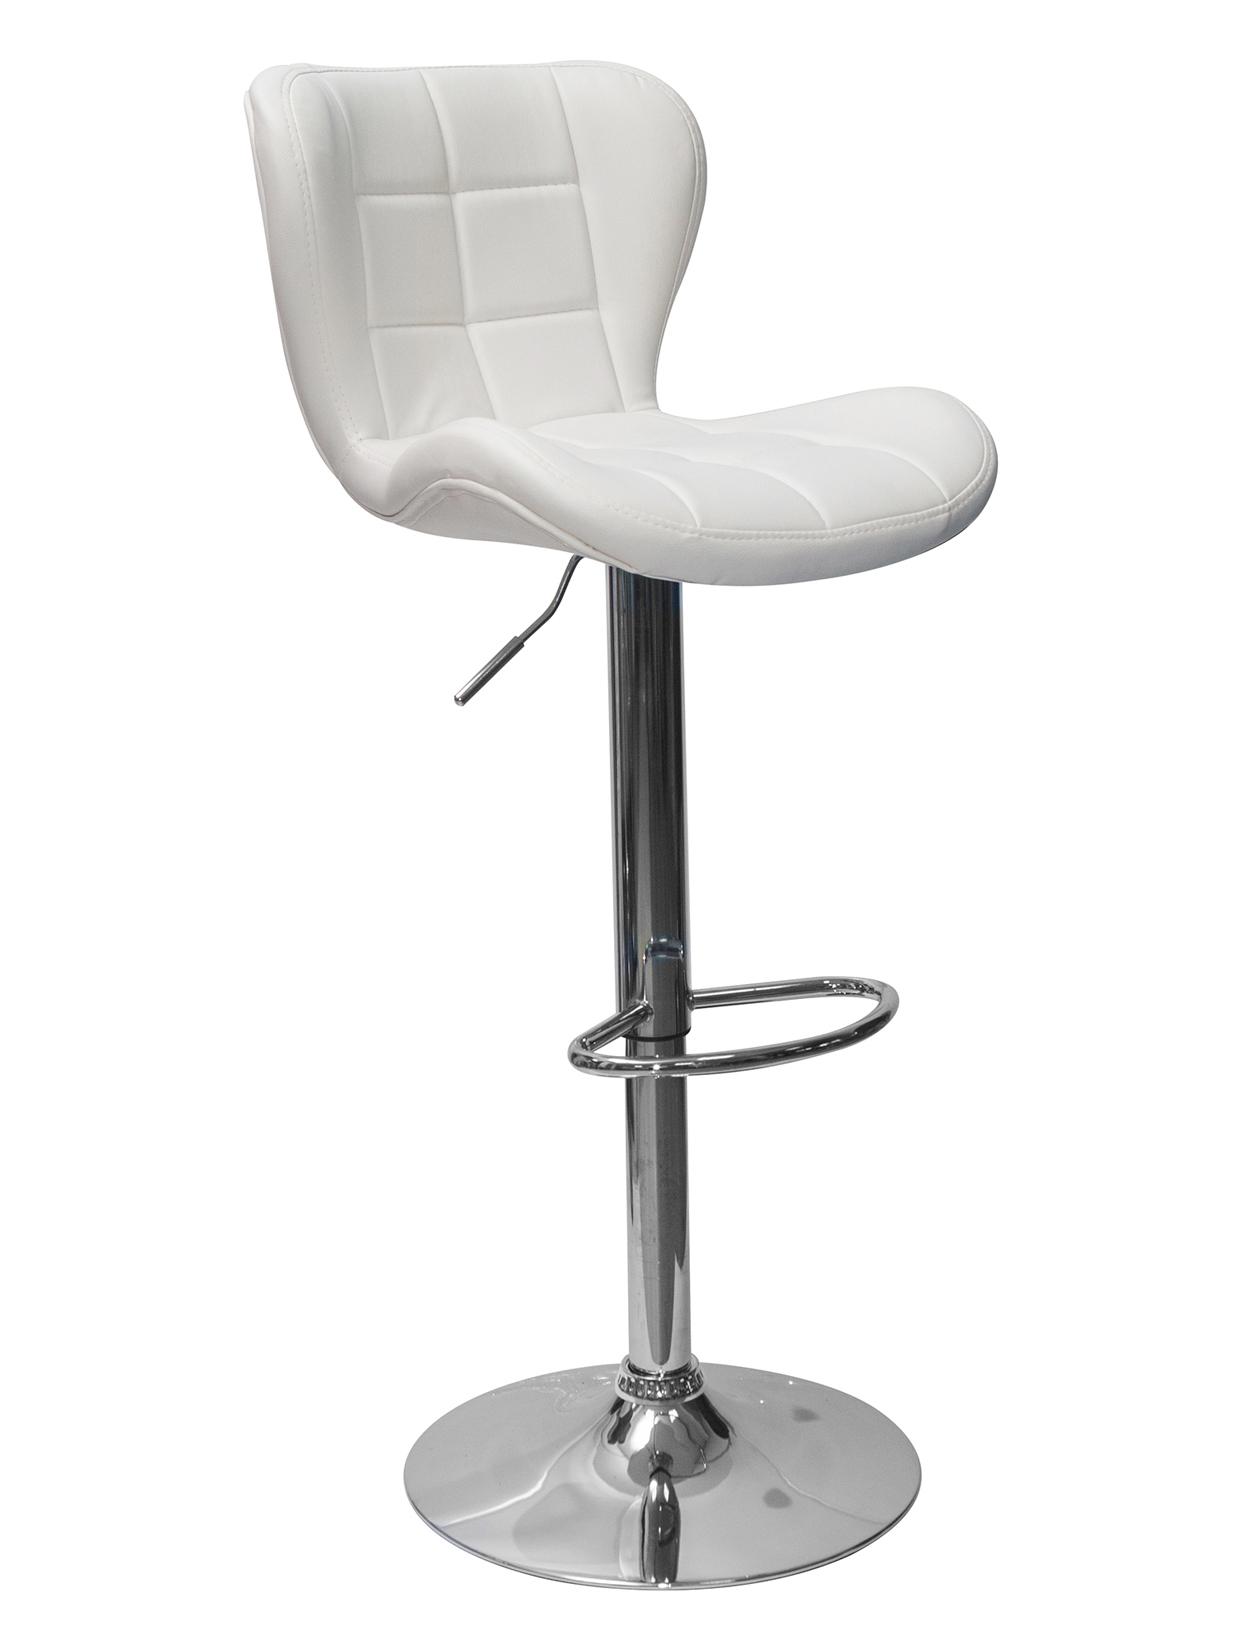 Барный стул с регулируемой высотой 150-59348
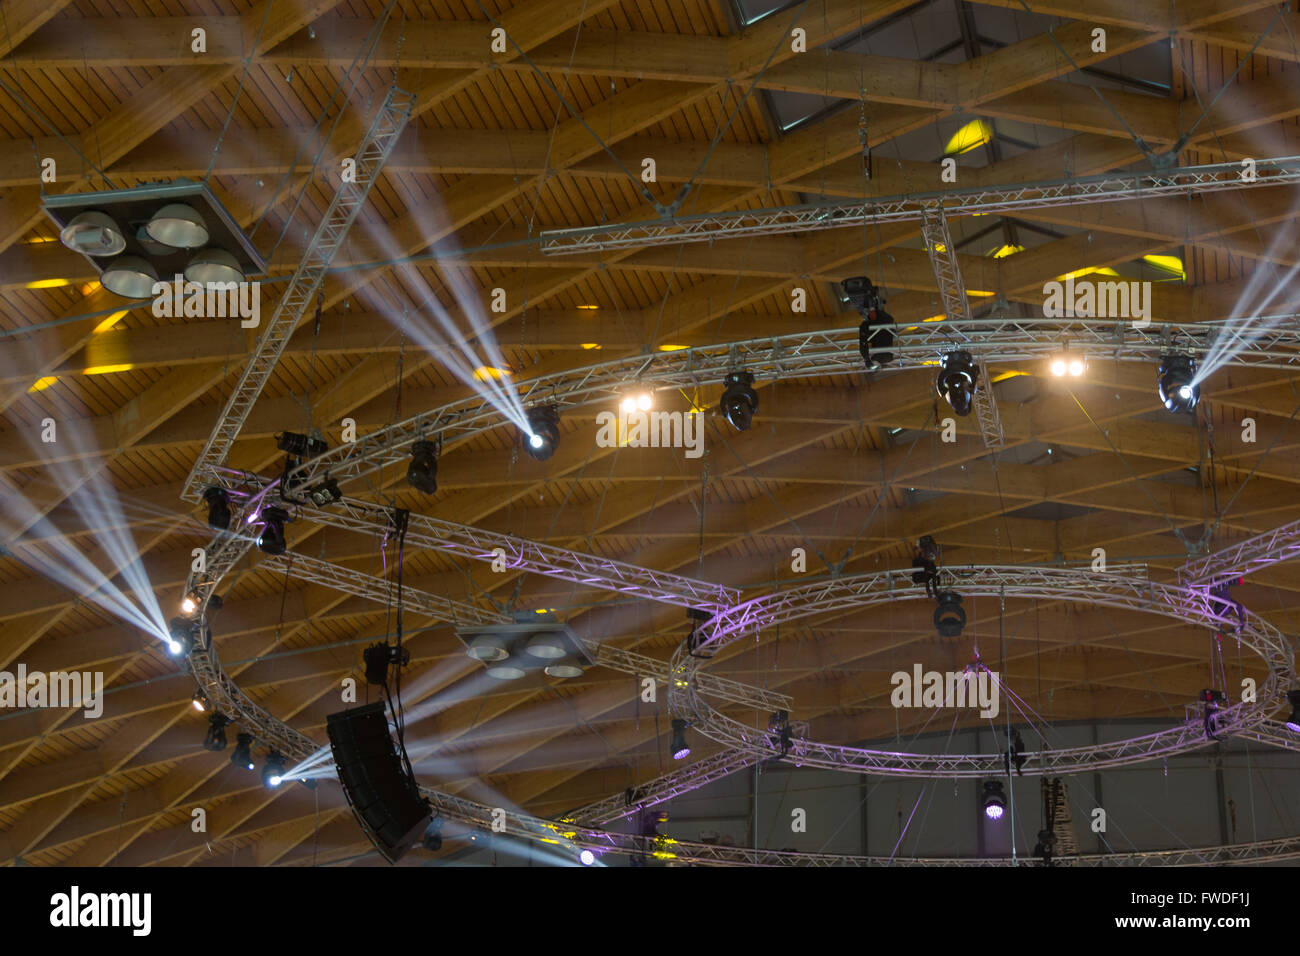 Illuminazione Soffitto Con Travi In Legno : Stadio rack luci con faretti sul soffitto con travi in legno a vista
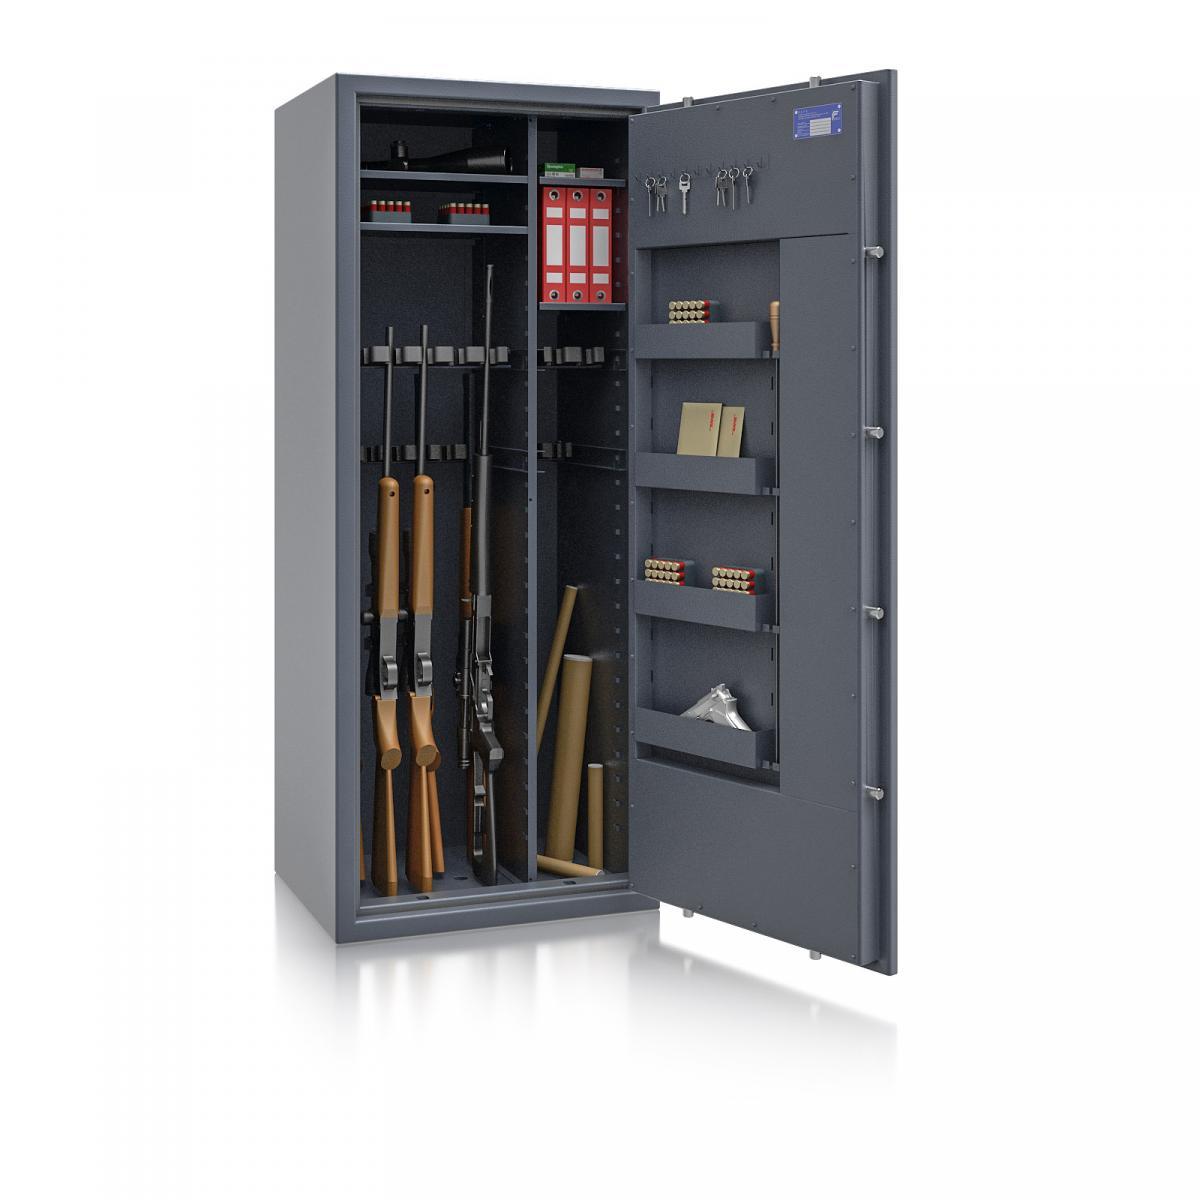 Waffenschrank St. Gallen WF MAX Kombi 3 - 1600x655x500 / 247kg 56469 / Klasse I / RAL7024 / Schlüssel / DIN R / mit Trennw.
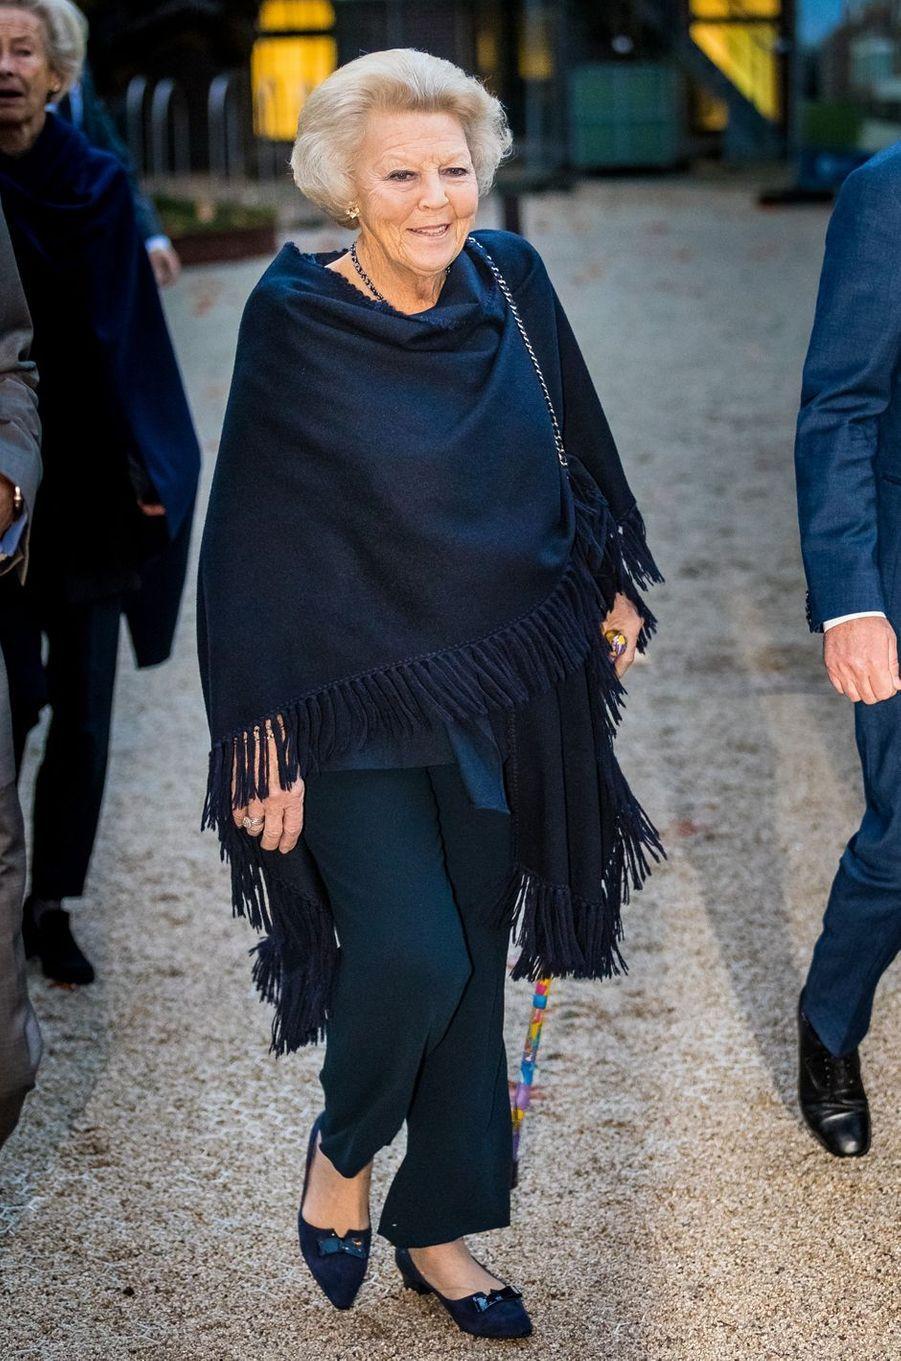 La princesse Beatrix des Pays-Bas arrive au Jardin botanique à Leyde, le 7 novembre 2016
# # # # # # #
Problem to solve:
Take the lines from the start of the listing above through the line with "Waffenschrank St. Gallen", both ends included, and copy them exactly, leaving the pictures behind.

Exercise result:
 Барный стул с регулируемой высотой 150-59348
 Illuminazione Soffitto Con Travi In Legno : Stadio rack luci con faretti sul soffitto con travi in legno a vista
 Waffenschrank St. Gallen WF MAX Kombi 3 - 1600x655x500 / 247kg 56469 / Klasse I / RAL7024 / Schlüssel / DIN R / mit Trennw.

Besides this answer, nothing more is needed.